Digital data collection and surveillance has grown increasingly invasive, and a majority of people (myself included) do not know the full extent to which data is collected, stored and used. Should we be concerned, and if not then why not?

Everyone is collecting data on you at every moment -- your phone when it talked to WiFi and cell towers is telling the phone company where you are. When you use apps, the apps know where you are even when you turn location data off -- it knows where you are because it knows the cell phone tower you're talking to. For the most part, the reason behind this is mostly positive. They're trying to understand your behaviors to offer you coupons and deals, and providing Amber Alerts and weather alerts to keep you safe. All of this collection is done for a good purpose.

However, we're still working out the social norms, like what constitutes whether our privacy is being invaded in the digital world. We also haven't spent enough time thinking about the fact that everything is hackable. My team hasn't found a database that they couldn't crack into. We must change the conversation to, “If you're going to collect the data to help me, how are you going to protect that data when you eventually get breached?"

Have privacy laws been able to keep pace with digital technology? As an example, if I'm grilling fish in my backyard can a neighbor “observe" my actions, via a camera drone, without breaking the law?

In my opinion, privacy laws have not been able to keep up with the digital age.
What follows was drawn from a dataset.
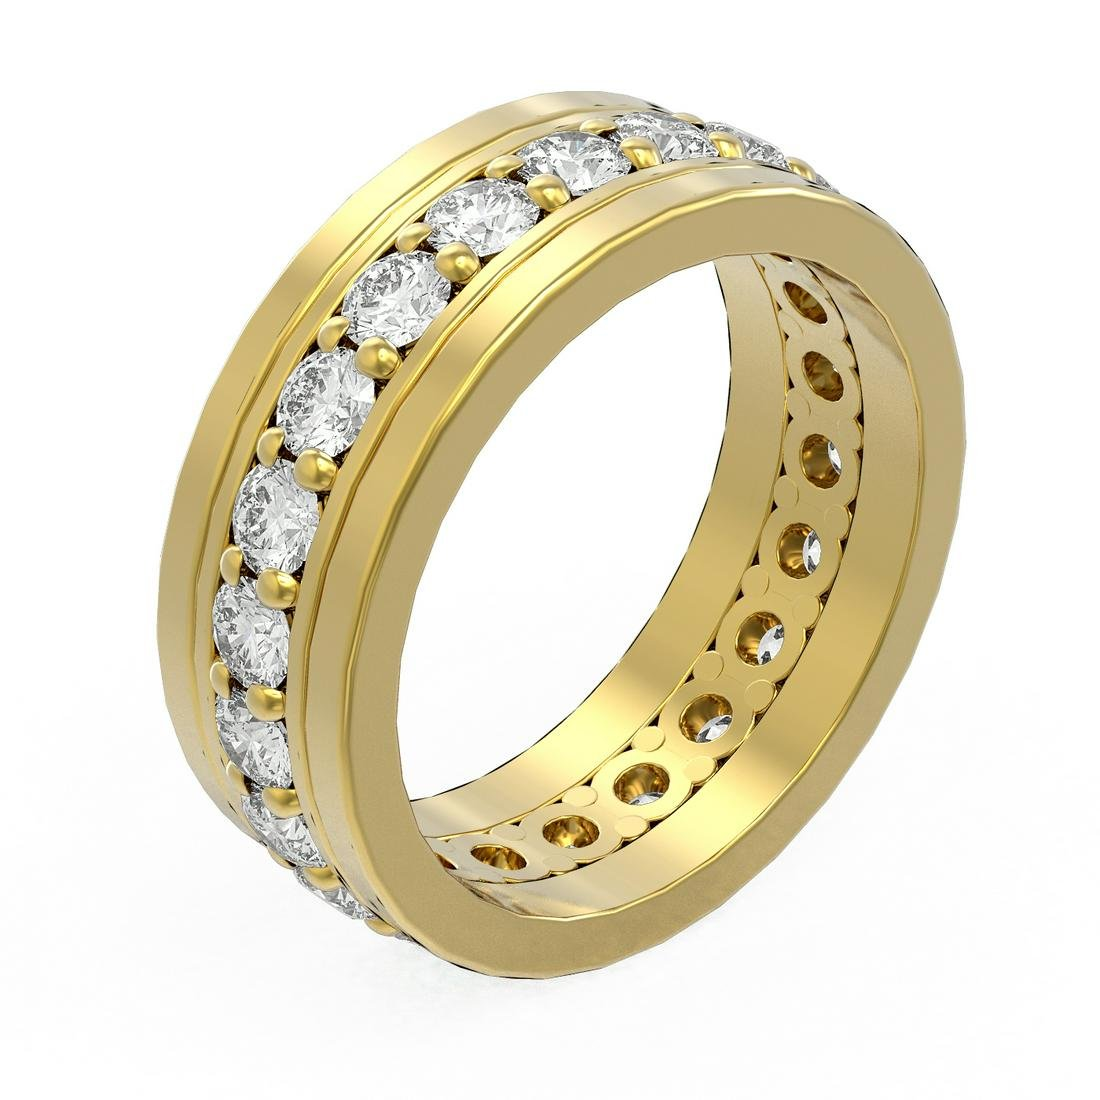 3.08 ctw Diamond Men's Ring 18K Yellow Gold -

Technology, specifically drones, have been a great tool for law enforcement in spotting potential victims and helping rescue those who need help in dangerous conditions. But with the popularity of domestic drones, this is a discussion that as a society we need to have. It's common knowledge that it's not polite to peep through people's windows -- it's illegal. But do we have any laws protecting us from our neighbors protecting us from flying a drone over our backyard? We don't -- at least not yet.

You served as the first female Chief Information Officer at the White House, overseeing IT operations for President George W. Bush and his staff. What was that like?

I thought from my previous work experience that I'd seen it all -- but when I got to the White House, I realized that wasn't the case. The pivotal moment for me that shifted how I design a security strategy started on my first day. It came down to the people who served at 1600 Pennsylvania and across the entire 3000+ person Executive Office of the President. We knew we had to address the hearts and minds of the staff if we wanted to protect their privacy and security.

After all, if solving cybersecurity and privacy issues were as simple as following security best practices, we would all be safe. It's not that simple. Two key questions came to me the first 90 days at the White House that I had to answer or we would have had a major calamity:

  1. Why, in spite of talented security teams and investments on security, do breaches still happen?
  2. Why is it, that despite hours and hours of boring computer based training and security campaigns, we still make mistakes and click on links?

This made me realize that we must critically reexamine how we assess our security technology, procedures, and methodology to fully understand the full scope of risk we bear daily and to determine the best course of action to mitigate this risk.

Theresa Payton speaking at Microsoft CISO. Photo Courtesy of Briana McDougall

What is the future of biometric data? Are we headed toward voice-activated email access, eliminating the need for keystroke passwords?

Biometric data is becoming much bigger because of the collection methods, like cameras, voice recognition and other methods capturing your image and the measurements of your physical form. Law enforcement can use it for identification purposes, and businesses can use it in their favor, as well. For example, banks like to know their customers are who they say they are, which ultimately protects their customers better.

We need to think of biometrics on a continuum -- on one hand, you can take things like your face or your voice which are physical things that we offer. These are very public biometrics. There are also more private biometrics, like how we walk, our hand geometry or the measurement of our eyes. As we move further down the line, it becomes more disconcerting of what people are taking, as they're all biometric measurements that can be made.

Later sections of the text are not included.